As any graduate of the Electoral College will tell you, the public cannot be trusted.
When the U.K. needed help naming a new $287 million polar research ship, the masses voted for "Boaty McBoatface."
Someone who wears a suit and a frown to work decided to override the public will and name it the "RRS Sir David Attenborough."
The Internet's hive mind then floated the idea that Attenborough, a famous naturalist, should formally change his name to Boaty McBoatface.
Nonsense is the coin of the online realm.
When a company called Pepsi, which I am told makes beverages akin to Coca-Cola, needed a catchy name for a new flavor of Mountain Dew, the public suggested "Hitler Did Nothing Wrong," "Diabeetus," "Moist Nugget" and other things they made me delete before this column hit the newspaper.

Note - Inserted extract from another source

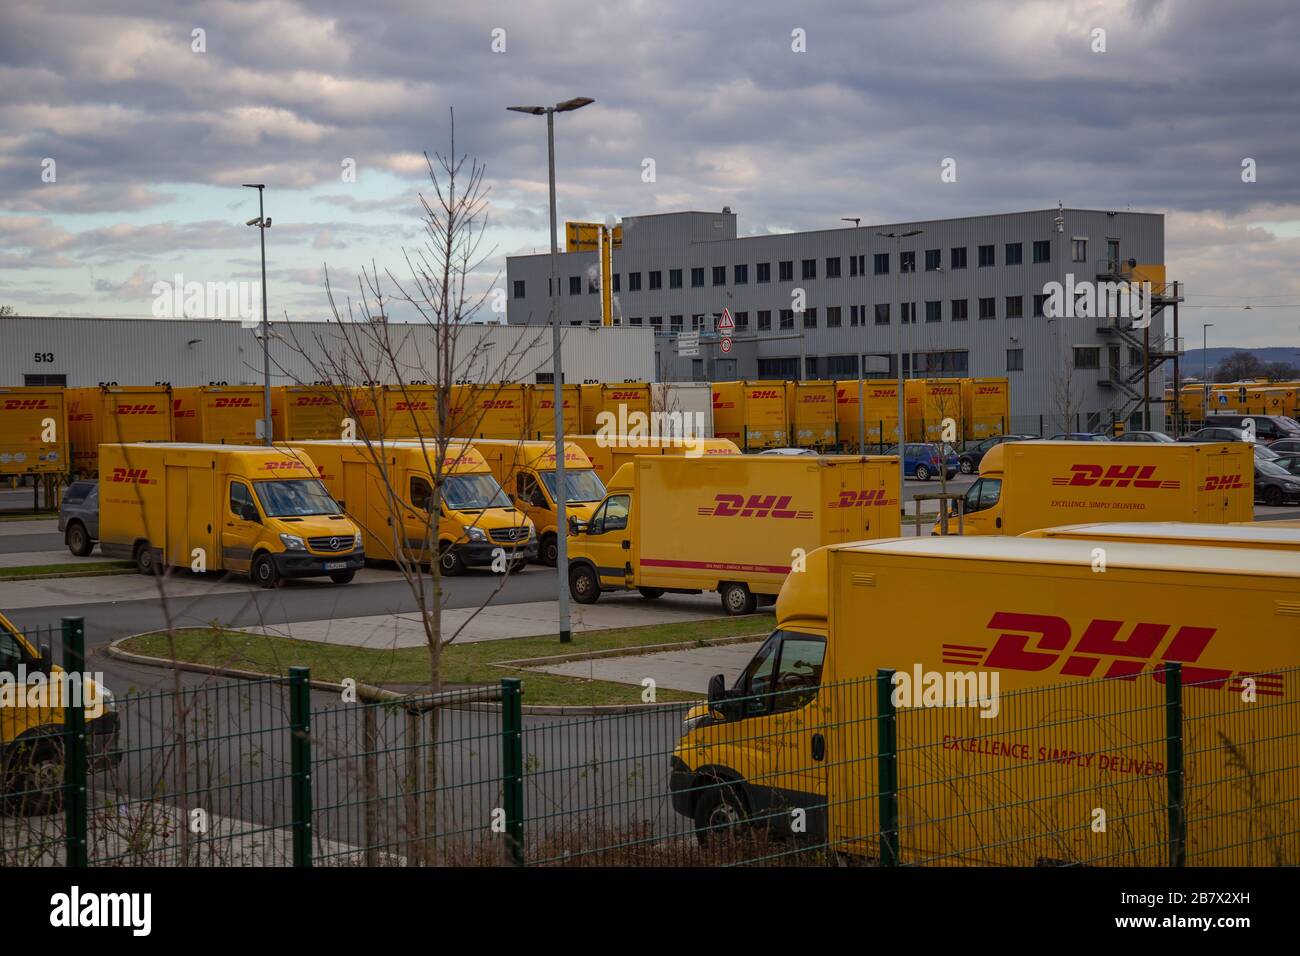 Neuwied, Allemagne - 07 mars 2020: Les fourgonnettes DHL devant un dépôt DHL et un immeuble de bureaux. DHL est un leader mondial de la logistique Banque D'Images

When VH1 asked the public to pick the location for a free Taylor Swift concert, they picked a school for the deaf .
Last week NASA, which is supposed to be full of smart people, asked the Internet to suggest names for seven new Earth-like planets orbiting a distant star called Trappist-1 .
The results were as predictable Planet McPlanetface.
That's not a great name, but I like it better than Trappist-1b, Trappist-1c, etc., which is the best NASA could come up with.
A friend suggested naming them after beers made by Trappist monks -- Enkel, Dubbel, Tripel -- and turning each of the planets into humongous breweries. Not bad, but I'd prefer any monk that makes beer remain on Earth.
What would Georgians call these planets?
Hard to say, but "Whooptater," "Dale Earnheart Sr.," "Dale Earnheart Jr.," "Ain't Skeered," "Rise Up!," "SunTrust Planet" and "Hammerin' Hank" have a ring to 'em.
Or, the smallest planet could be "Honey Boo Boo" and the largest one (which may or may not be shrinking) could be "Mama June."
The frosty outer planet whipping around that solar system's perimeter will be dubbed "Kasim" if blue lights are detected.
My first thought was to name the planets orbiting the red dwarf star after Snow White's seven dwarfs but no one would want to live on "Dopey" and, after a 39-light-year voyage, most everyone would be quarantined on "Grumpy" anyway.
Would Obamacare be repealed and replaced on "Doc?"
Would allergies be a problem on "Sneezy?"
We will never know. Thirty-nine light years is about 229 trillion miles, says Space.com . The fastest ship humans have ever made, NASA's Juno spacecraft, was cruising along at 165,000 mph as it approached Jupiter. If a spaceship could maintain that speed it would take 159,000 years to reach Trappist-1 and first-class would likely run out of adult beverages somewhere around Pluto.
No thanks. There's something about a breathable atmosphere that makes Earth feel like home.
But I do hope the new planets get cooler names. And the people living there don't mind us renaming them.